To start the ball rolling on my Nürnberg reports, here is some info on the Hornby Elite DCC unit.
Simon Kohler kindly gave me a demo of the Elite and let me have a go myself. He said that the Elite controllers were ready for dispatch in China and would be in Europe soon.
After the issues that came up around last Christmas after the release of the Hornby Select DCC system, I was keen to address those problems and see if the Elite was any better. I think that you have to look at the two products as two different concepts all together. I saw them as a "little brother" and a "big brother", but in reality they are more like "cousins". There is a relation, but they are two vastly different systems.
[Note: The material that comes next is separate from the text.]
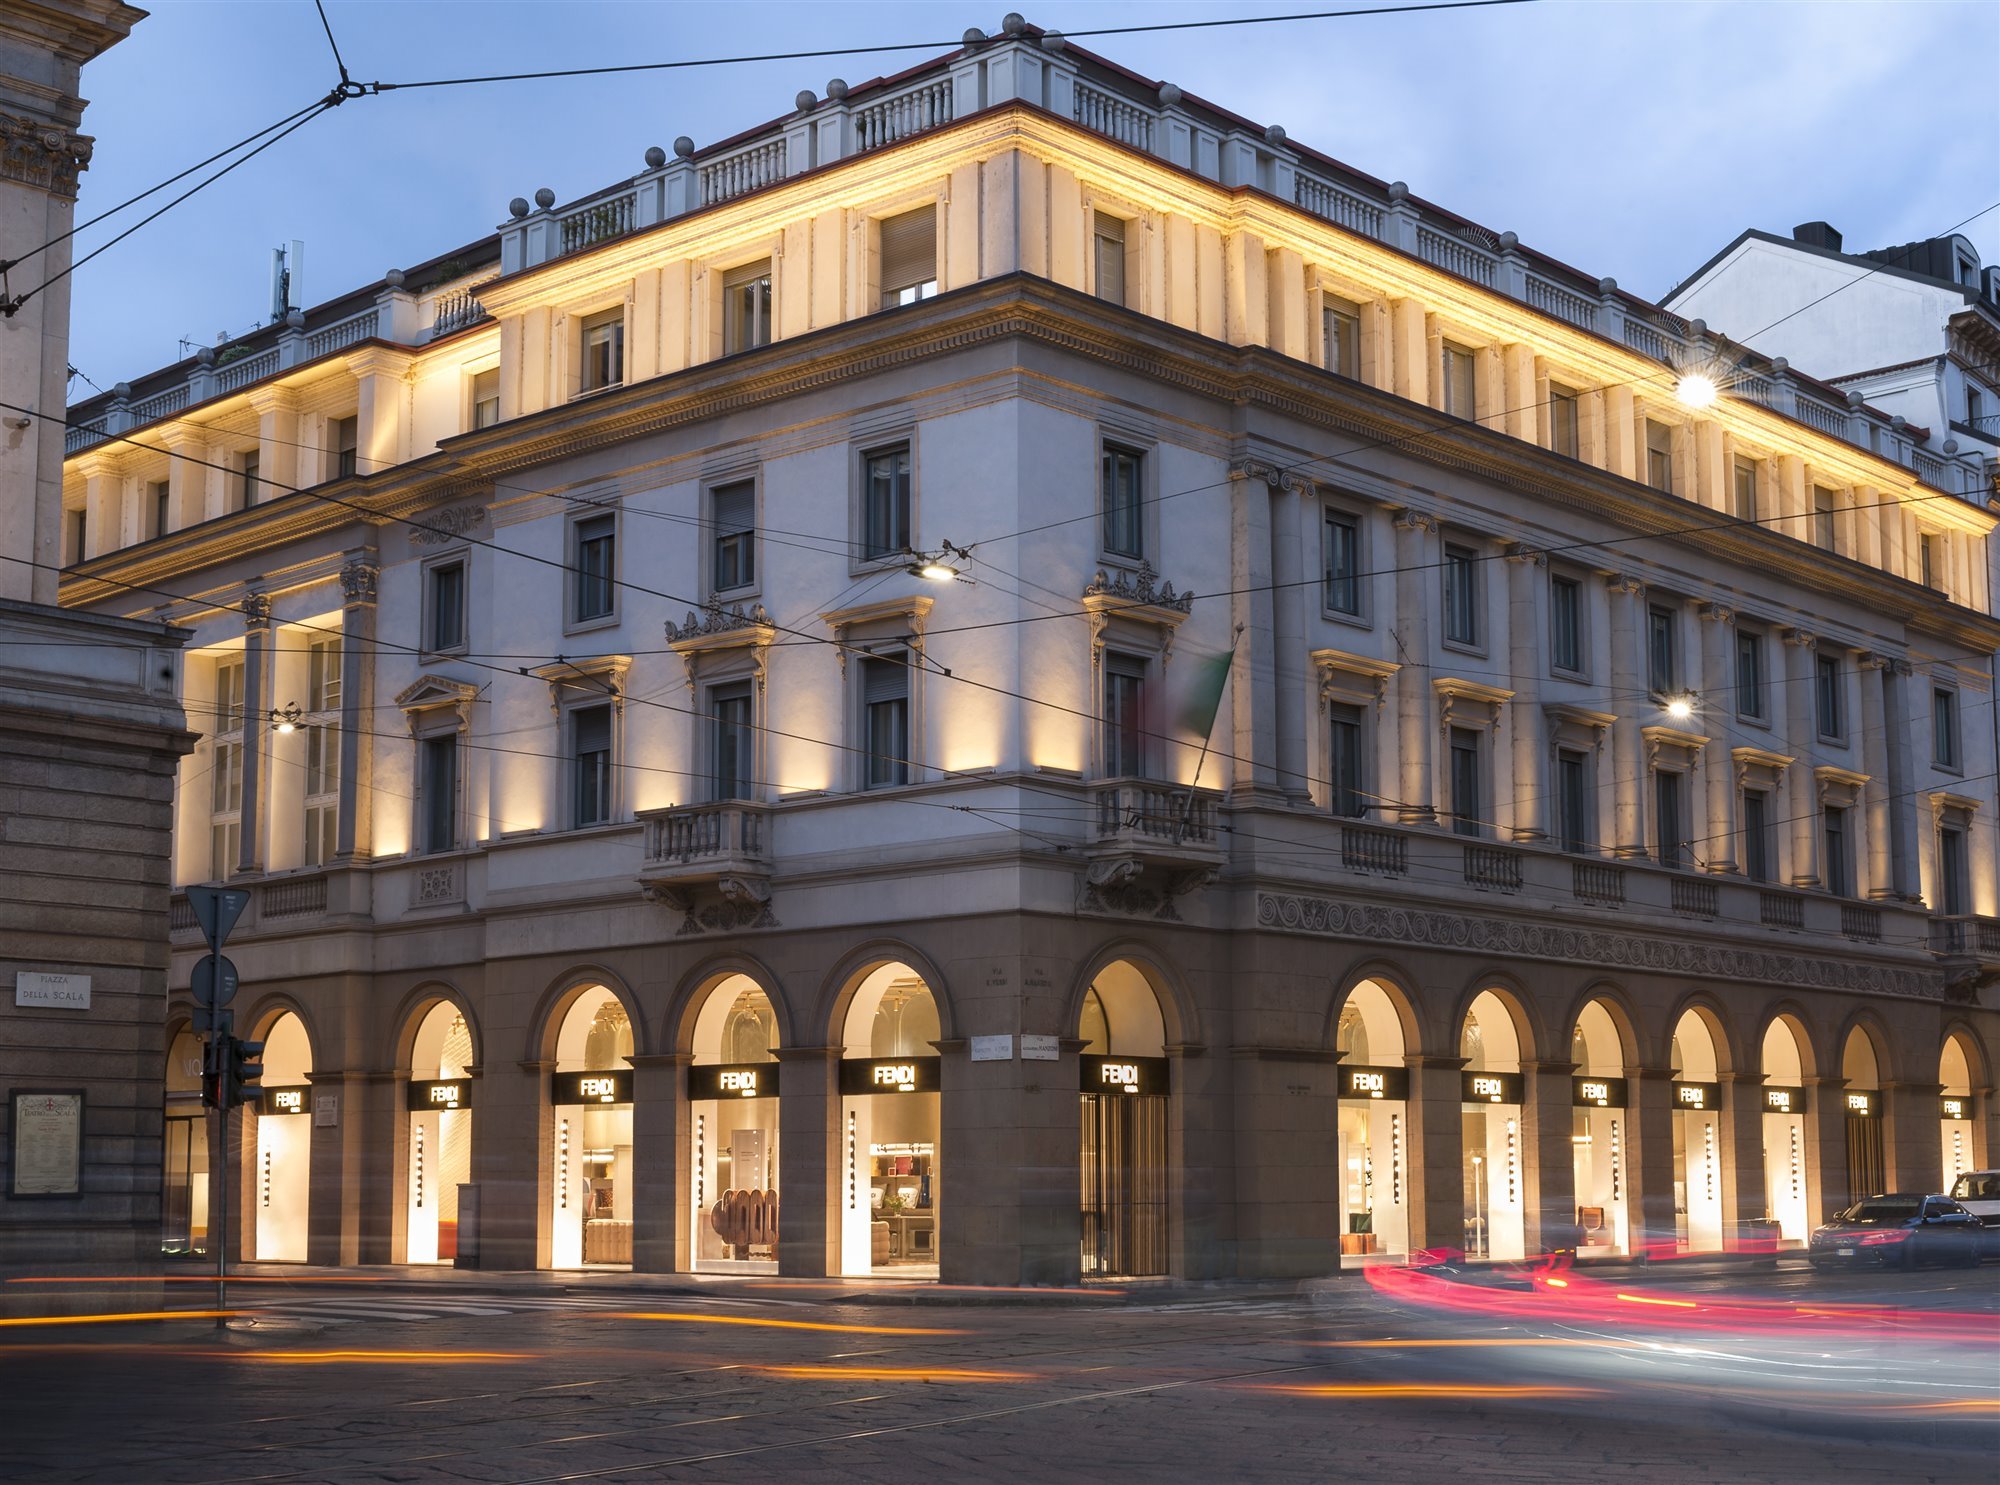 La nueva tienda de Fendi Casa en Milán
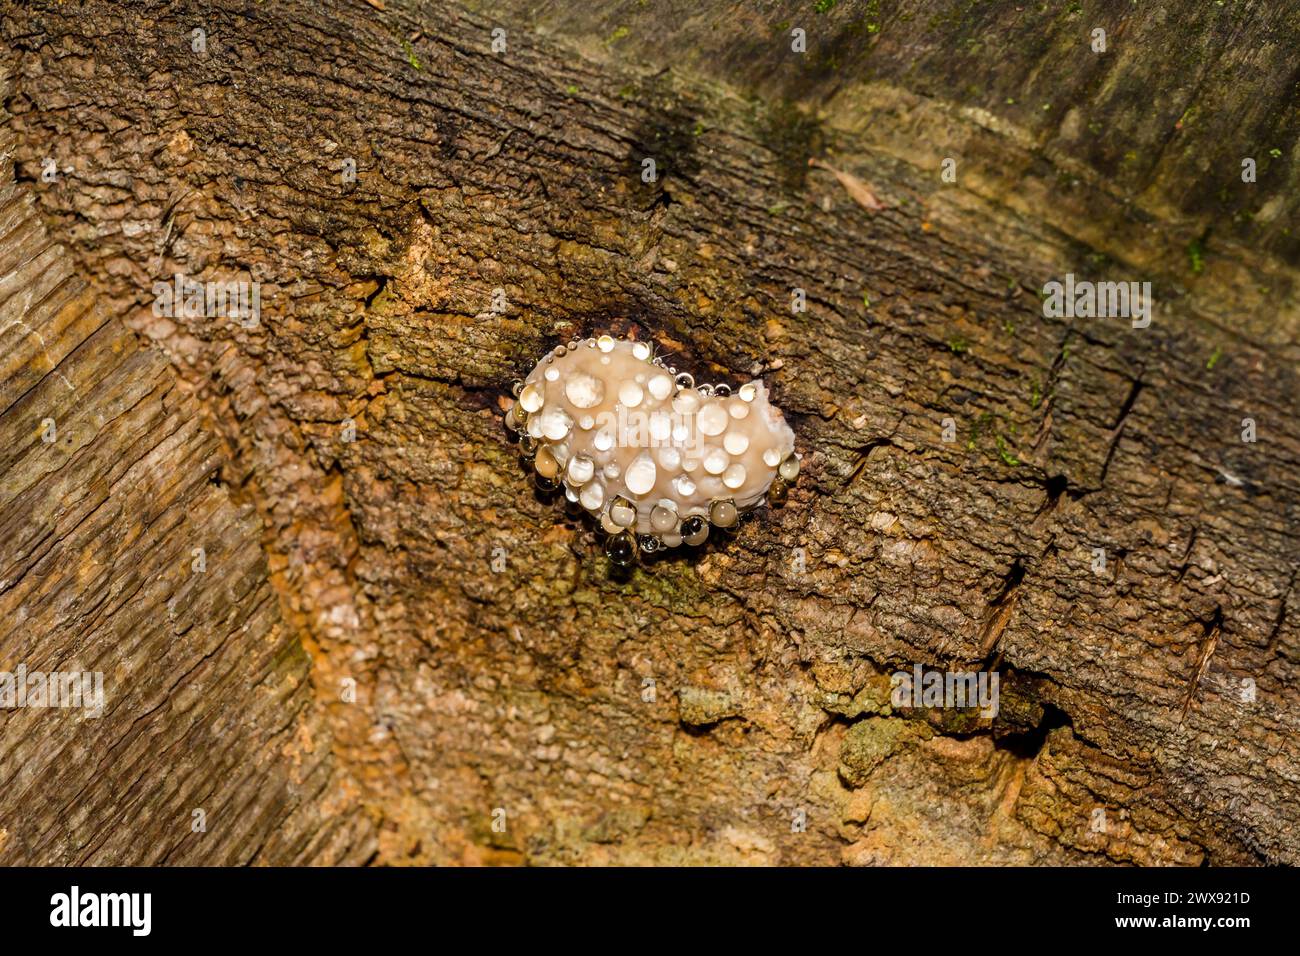 Rotgürtelkonkenpilz (Fomitopsis pinicola) - ein Trauerpilz - ein Pilz, der auf einem faulen Stumpf wächst und Wassertropfen absondert. Allgemeine Ansicht Stockfoto

The Select is fine by itself as a train set controller. The Elite is a full-spec command controller that does what 95% of DCC users would ever want. The other 5% of DCC users are going to have to look elsewhere as Hornby are not going to produce a top of the range "Zimo-like" system in the foreseeable future. Try and understand where their market is and where they have to aim for regarding pricing and market share. Note that these percentages are not based on market research, but are arbitrary and used to get a point across.
Hornby had a DCC layout with a few locos running around separate tracks:
This might have been cool for Hornby, but they need to go over and see the likes of Märklin and see what automation is all about. Märklin had a DCC layout with 10 to 15 trains running at once including a Big-Boy bulling about 50 wagons. Very impressive. But back to Hornby:
Whilst we were testing the Elite, a representative of Electrotren was testing a Spanish loco on the "British" layout. Diesel locomotive 316 of the RENFE:
This loco had multiple functions including separately controlled indicator boxes. Very smart.
The Elite unit on demo was fully functional. It was a final production sample sent from China to Hornby for the show. The buttons were easy to press, they had a positive feel when pressed. The rotary encoders were smooth with a slight ratcheted feel. The dials were used to cycle through the menu and the dial is also uses as a confirm button when pressed. Good action and movement. Very solid construction.
The Hornby Elite unit:
The display is large - with very big characters. It will appeal to those with bad eyesight. Two rows of alpha-numeric characters, 8 per row. Direction allows, loco speed and 12 function status indicators make up the rest of the display.
The test setup with two rolling roads, one as a programming track and the other to run the loco:
The Elite is multi lingual. It is perhaps an indication of the intended direction that Hornby wishes to go. Just beware of setting the device to some foreign language as you may struggle to navigate back to English. The 9th press of the Unit button will take you to the system reset and you can get back to the default settings (which hopefully are English).
A fast clock that can go up to 10 times that of real time is provided. This makes protypical timetable operations possible and fun to follow in a few hours of play. Perhaps someone who uses a fast clock can enlighten us to what can be achieved on a layout that runs one.
Ok, I had to find out if the device could read a decoder's address (this is what happens when members send in questions). Yes it can. No the decoder was not the R8215 loco decoder, so it's address we able to be read. No problems there.
Each programming step is followed by the device flashing it's red LED 8 times. It seems a bit long - especially if you are doing things in a hurry. Programming is straight forward, simple and logical.
Running the programmed loco:
The menu structure can be seen below. It shows the simplicity and depth of features of the device. I was able to get the loco up and running without even looking at this sheet by simply following the order of menu items that came up on the display.
The 'crib sheet' giving the structure of the menu system:
So as we know, the Elite has 3 amps down to the track and can control about 6 to 10 locos at once. The twin control dials help in that respect. We are going to see more Hornby XpressNet cables and connectors that will help to add the walkabout units and to extend the XpressNet network around your layout.
A computer interface is provided, but no software. Apparently it has been tested with Railroad & Co, not sure about JMRI but I assume it uses basic XpressNet function calls and can emulate a Lenz system.
I don't expect many problems to arise when this is released as long as it does what this demo model did. Home users are going to be happy with this. Are British modellers going to hold off for Dynamis? I'm not sure. I think it will do well though and it will raise DCC awareness in the UK - that can only be good.
As an end note to the Hornby DCC segment, I asked Simon about the new Sapphire decoder. It is not a Lenz Gold, but it has features like a Lenz Gold. It is not in the 2007 catalogue as it has been produced in part due to the demands of the modelling fraternity who are expecting Hornby to produce a quality decoder. No news on it's release date or price yet.